None of this is new. LA is full of stories like this, going back decades - beyond the lunatic fringe of modern 'social media influencers', every 6 months LA gets a new wave of kids coming into the city to become the next big thing. Those of us who lived there and weren't involved in Hollywood often referred to the new wave of fresh blood as 'enthusiastic space cadets', because after a few months they'd disappear as if they'd gone to the moon.
This is literally just an ad for a competitor to Tik Tok. Super fake and /r/hailcorporate.
Ihavereddit
I guess everyone on HN is also on reddit. Like 100%.
I cold turkey quit in 2014 and haven't looked back - so happy to have that extra 45-60 minutes per day...
everyone is going r/woosh i guess, downvoting me. r/ihavereddit nobody?
How is this an ad for a competitor to Tik Tok?

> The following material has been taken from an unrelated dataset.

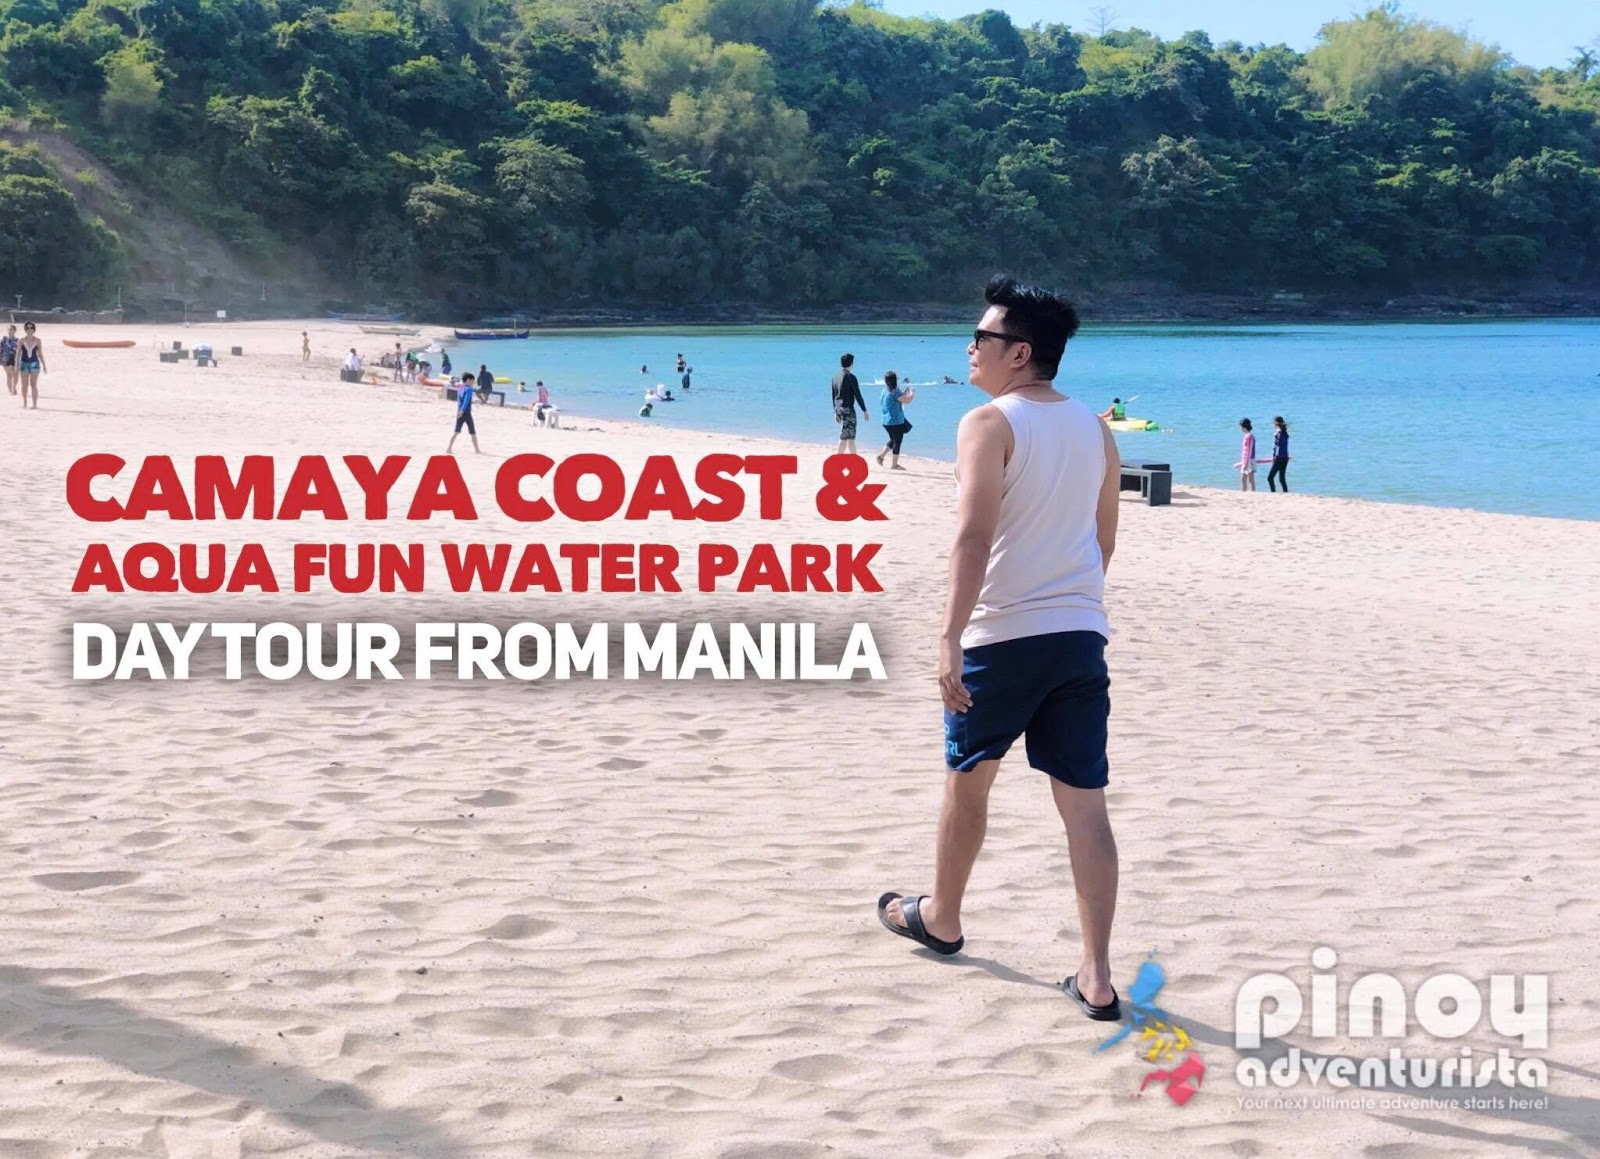 Camaya Coast Beach Resort And Aqua Fun Water Park Day Tour From Manila |  Blogs, Travel Guides, Things To Do, Tourist Spots, Diy Itinerary, Hotel  Reviews - Pinoy Adventurista

And which competitor? I figured it was an ad for flip, which is (as far as I can tell) a leasing service.

What an awful made-up story. I wish I did some actual work instead.
That part about him marking everything with sharpy ink and glitter would have been nice for when I had my roommate from hell. I once dried myself off with a towel to half way discover some other traces of matter I didn't want to see... I tossed the towel.
It's an interesting read, but I wouldn't really blame Tik Tok fame in this case. Just a shitty roommate.
Who sends a person they've never met money via Venmo, for a place to live that they've never visited in person? that's like the #1 rule of how now to get scammmed.
This guy was a huge idiot. He put his name on the lease. He signed a 2 year lease in a place he doesn’t know with a person he doesn’t know. I’m sorry but it has to be said that this guy is a total idiot.